Message ID | 1362663356-21151-1-git-send-email-tom.leiming@gmail.com (mailing list archive) |
---|---|
State | New, archived |
Headers | show |
On Thu, Mar 7, 2013 at 9:35 PM, Ming Lei <tom.leiming@gmail.com> wrote: > Commit 14318efb(ARM: 7587/1: implement optimized percpu variable access) > introduces arm's __my_cpu_offset to optimize percpu vaiable access, > which really works well on hackbench, but will cause __my_cpu_offset > to return garbage value before it is initialized in cpu_init() called > by setup_arch, so accessing percpu variable before setup_arch may cause > kernel hang.

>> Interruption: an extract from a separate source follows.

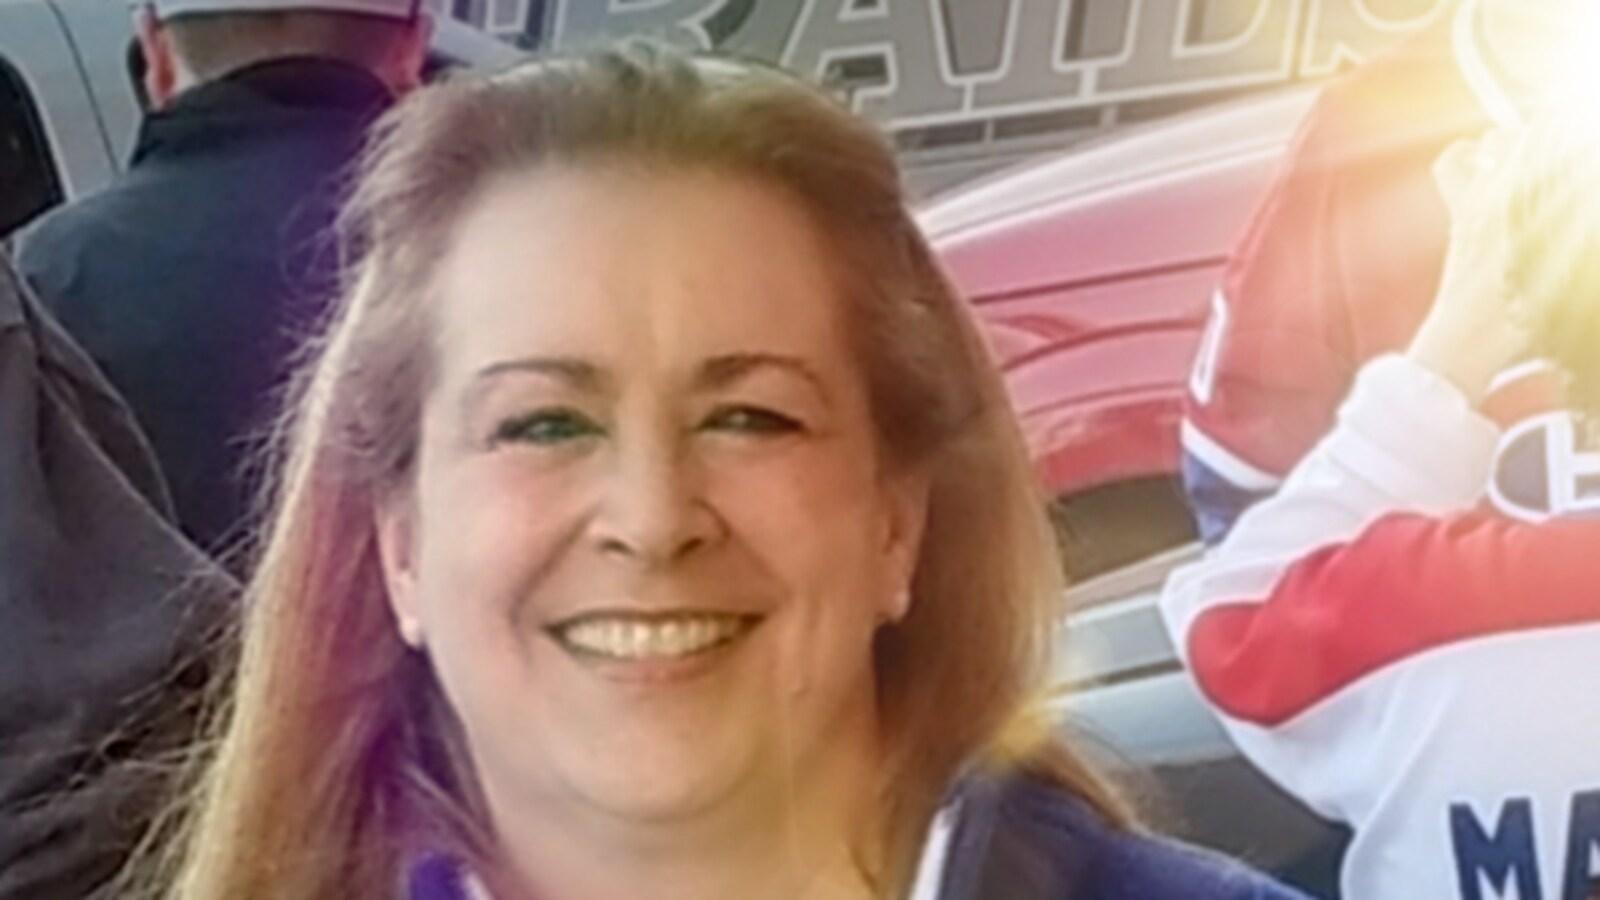 Marie-Guylaine Briand porte un chandail des Canadiens

But generic __my_cpu_offset always returns zero before > percpu area is brought up, and won't hang kernel. > > So the patch tries to clear __my_cpu_offset on boot CPU early > to avoid boot hang. > > At least now percpu variable is accessed by lockdep before > setup_arch(), and enabling CONFIG_LOCK_STAT or CONFIG_DEBUG_LOCKDEP > can trigger kernel hang. > > Cc: Peter Zijlstra <peterz@infradead.org> > Cc: Ingo Molnar <mingo@redhat.com> > Cc: Rob Herring <rob.herring@calxeda.com> > Cc: Will Deacon <will.deacon@arm.com> > Cc: Nicolas Pitre <nico@linaro.org> > Cc: Russell King <rmk+kernel@arm.linux.org.uk> > Signed-off-by: Ming Lei <tom.leiming@gmail.com> > --- > V1: > - documents lockdep uses percpu variable early Looks no one objects the patch, so I has submitted it into Russell's patch system, and hope it can be pushed to linus tree soon and make LOCK_STAT/DEBUG_LOCKDEP usable on ARMv7. Thanks,
On Tue, Mar 12, 2013 at 10:32:21AM +0800, Ming Lei wrote: > On Thu, Mar 7, 2013 at 9:35 PM, Ming Lei <tom.leiming@gmail.com> wrote: > > Commit 14318efb(ARM: 7587/1: implement optimized percpu variable access) > > introduces arm's __my_cpu_offset to optimize percpu vaiable access, > > which really works well on hackbench, but will cause __my_cpu_offset > > to return garbage value before it is initialized in cpu_init() called > > by setup_arch, so accessing percpu variable before setup_arch may cause > > kernel hang. But generic __my_cpu_offset always returns zero before > > percpu area is brought up, and won't hang kernel. > > > > So the patch tries to clear __my_cpu_offset on boot CPU early > > to avoid boot hang. > > > > At least now percpu variable is accessed by lockdep before > > setup_arch(), and enabling CONFIG_LOCK_STAT or CONFIG_DEBUG_LOCKDEP > > can trigger kernel hang. > > > > Cc: Peter Zijlstra <peterz@infradead.org> > > Cc: Ingo Molnar <mingo@redhat.com> > > Cc: Rob Herring <rob.herring@calxeda.com> > > Cc: Will Deacon <will.deacon@arm.com> > > Cc: Nicolas Pitre <nico@linaro.org> > > Cc: Russell King <rmk+kernel@arm.linux.org.uk> > > Signed-off-by: Ming Lei <tom.leiming@gmail.com> > > --- > > V1: > > - documents lockdep uses percpu variable early > > Looks no one objects the patch, so I has submitted it into Russell's > patch system, and hope it can be pushed to linus tree soon and > make LOCK_STAT/DEBUG_LOCKDEP usable on ARMv7. I'm not convinced it is correct. Is the percpu data as stored in the kernel image (in other words, at offset zero) supposed to be read only? If so, the above means that we'll be accessing that rather than the copy of the percpu data we should be accessing. The percpu data areas are allocated by setup_per_cpu_areas() - that's where we should be initializing this, just like it's done on PowerPC.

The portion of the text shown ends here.